CustomerID | SUM(TotalAmount)
-----------|-----------------
3          | 450.0

Explanation:

The HAVING clause is used to filter groups based on a condition involving aggregate functions. In this example, it groups the orders by CustomerID and selects only those groups where the total sum of TotalAmount is greater than 300.
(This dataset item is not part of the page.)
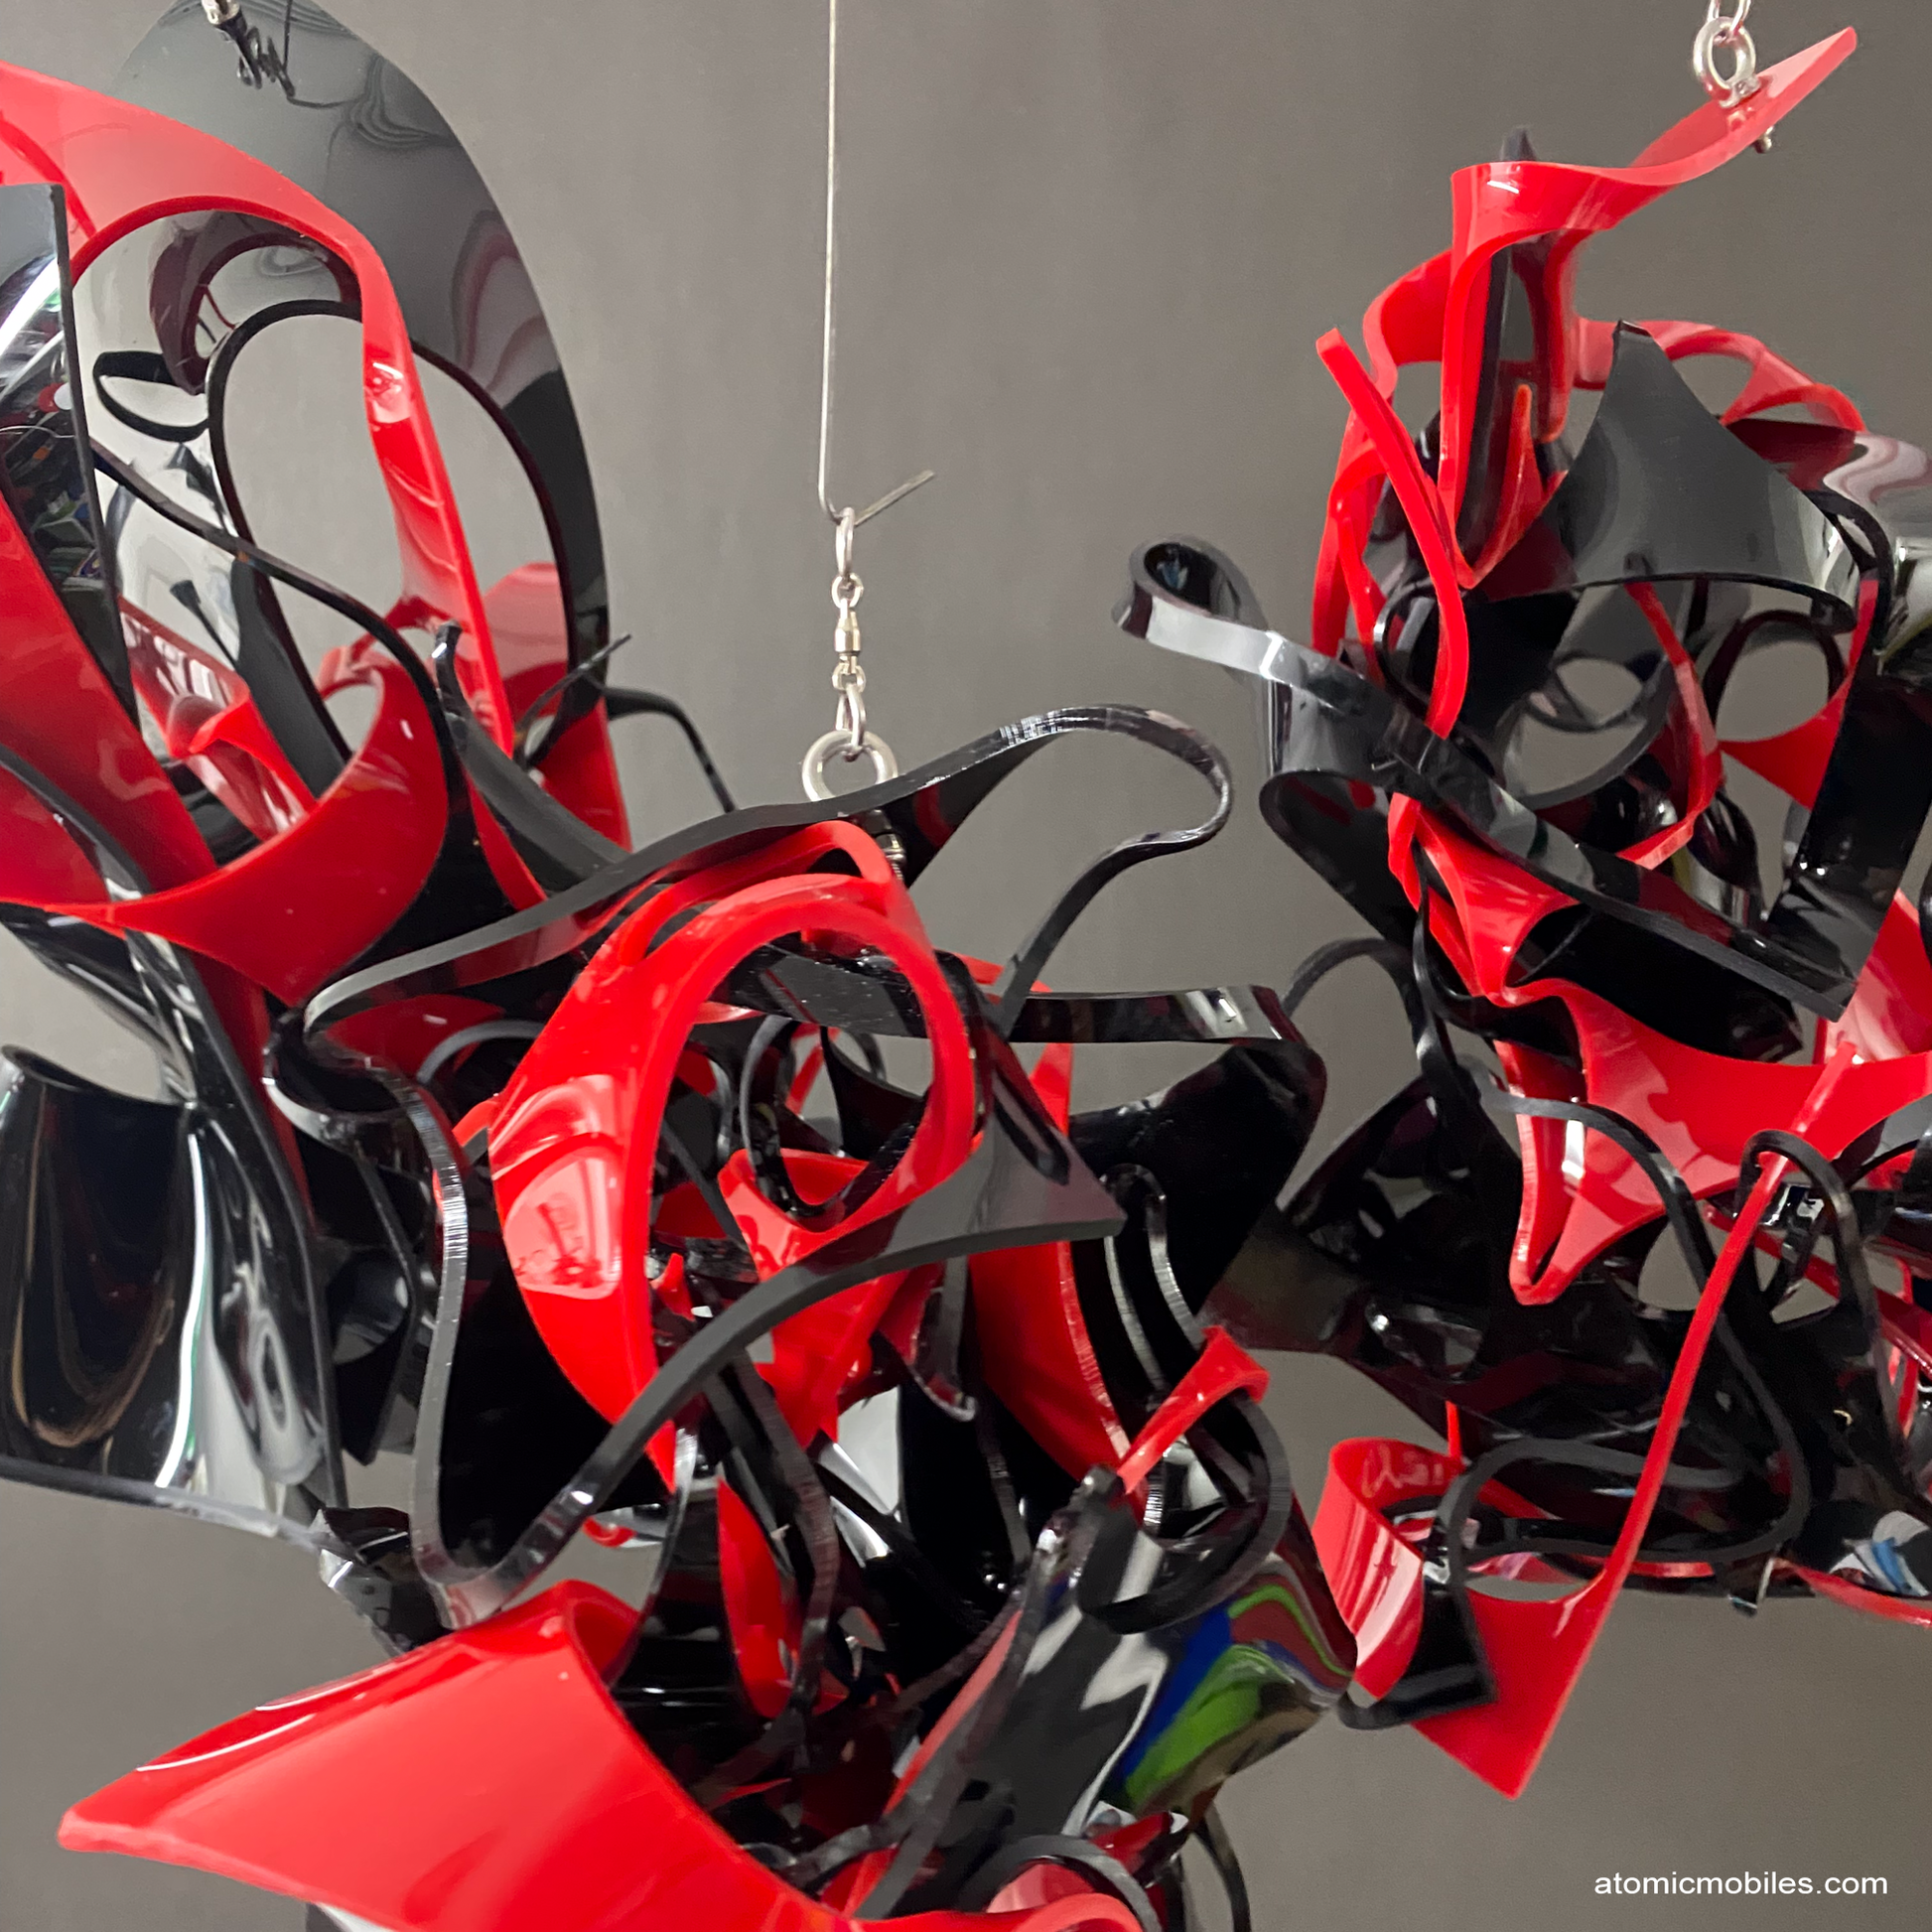 Incredibly unique trio of 3 black and red abstract art mobiles made from plexiglass acrylic - unique one of a kind kinetic art by AtomicMobiles.com

GROUP BY Multiple Columns#

Input:

SELECT CustomerID, OrderDate, COUNT(*) FROM orders
 GROUP BY CustomerID, OrderDate
 LIMIT 3;

Output:

CustomerID | OrderDate  | COUNT(*)
-----------|------------|---------
1          | 2024-01-01 | 1
1          | 2024-01-02 | 1
2          | 2024-01-03 | 1

Explanation:

The GROUP BY clause can group by multiple columns. In this example, it groups the rows by both CustomerID and OrderDate, and the COUNT function counts the number of orders for each group.

Workflow#

To illustrate a typical workflow in using GROUP BY with aggregate functions, let's go through a simple example:

  1. Create a Database:
sqlite3 example.db
  1. Create Tables:
CREATE TABLE users (
    id INTEGER PRIMARY KEY,
    name TEXT NOT NULL,
    email TEXT UNIQUE NOT NULL,
    created_at DATETIME DEFAULT CURRENT_TIMESTAMP
);

CREATE TABLE orders (
    OrderID INTEGER PRIMARY KEY,
    CustomerID INTEGER,
    OrderDate DATETIME,
    TotalAmount REAL,
    FOREIGN KEY (CustomerID) REFERENCES users(id)
);
  1. Insert Data:
INSERT INTO users (name, email) VALUES ('John Doe', 'john.doe@example.com');
INSERT INTO users (name, email) VALUES ('Alice Johnson', 'alice.johnson@example.com');
INSERT INTO users (name, email) VALUES ('Bob Smith', 'bob.smith@example.com');

INSERT INTO orders (CustomerID, OrderDate, TotalAmount) VALUES (1, '2024-01-01', 150.00);
INSERT INTO orders (CustomerID, OrderDate, TotalAmount) VALUES (1, '2024-01-02', 200.00);
INSERT INTO orders (CustomerID, OrderDate, TotalAmount) VALUES (2, '2024-01-03', 300.00);
INSERT INTO orders (CustomerID, OrderDate, TotalAmount) VALUES (3, '2024-01-04', 450.00);
  1. Use GROUP BY:
-- Group by CustomerID and count the number of orders for each customer
SELECT CustomerID, COUNT(*) FROM orders
 GROUP BY CustomerID
 LIMIT 3;

-- Group by CustomerID and calculate the total sum of TotalAmount for each customer
SELECT CustomerID, SUM(TotalAmount) FROM orders
 GROUP BY CustomerID
 LIMIT 3;

-- Group by CustomerID and calculate the average TotalAmount for each customer
SELECT CustomerID, AVG(TotalAmount) FROM orders
 GROUP BY CustomerID
 LIMIT 3;

-- Group by CustomerID and find the minimum TotalAmount for each customer
SELECT CustomerID, MIN(TotalAmount) FROM orders
 GROUP BY CustomerID
 LIMIT 3;

-- Group by CustomerID and find the maximum TotalAmount for each customer
SELECT CustomerID, MAX(TotalAmount) FROM orders
 GROUP BY CustomerID
 LIMIT 3;

-- Group by CustomerID and select only those groups
-- where the total sum of TotalAmount is greater than 300
SELECT CustomerID, SUM(TotalAmount) FROM orders
 GROUP BY CustomerID
HAVING SUM(TotalAmount) > 300
 LIMIT 3;

-- Group by multiple columns: CustomerID and OrderDate,
-- and count the number of orders for each group
SELECT CustomerID, OrderDate, COUNT(*) FROM orders
 GROUP BY CustomerID, OrderDate
 LIMIT 3;

By mastering the GROUP BY clause and its various usages with aggregate functions, you can effectively group and analyze data in your SQLite database. The GROUP BY clause is essential for summarizing data and performing complex data analysis.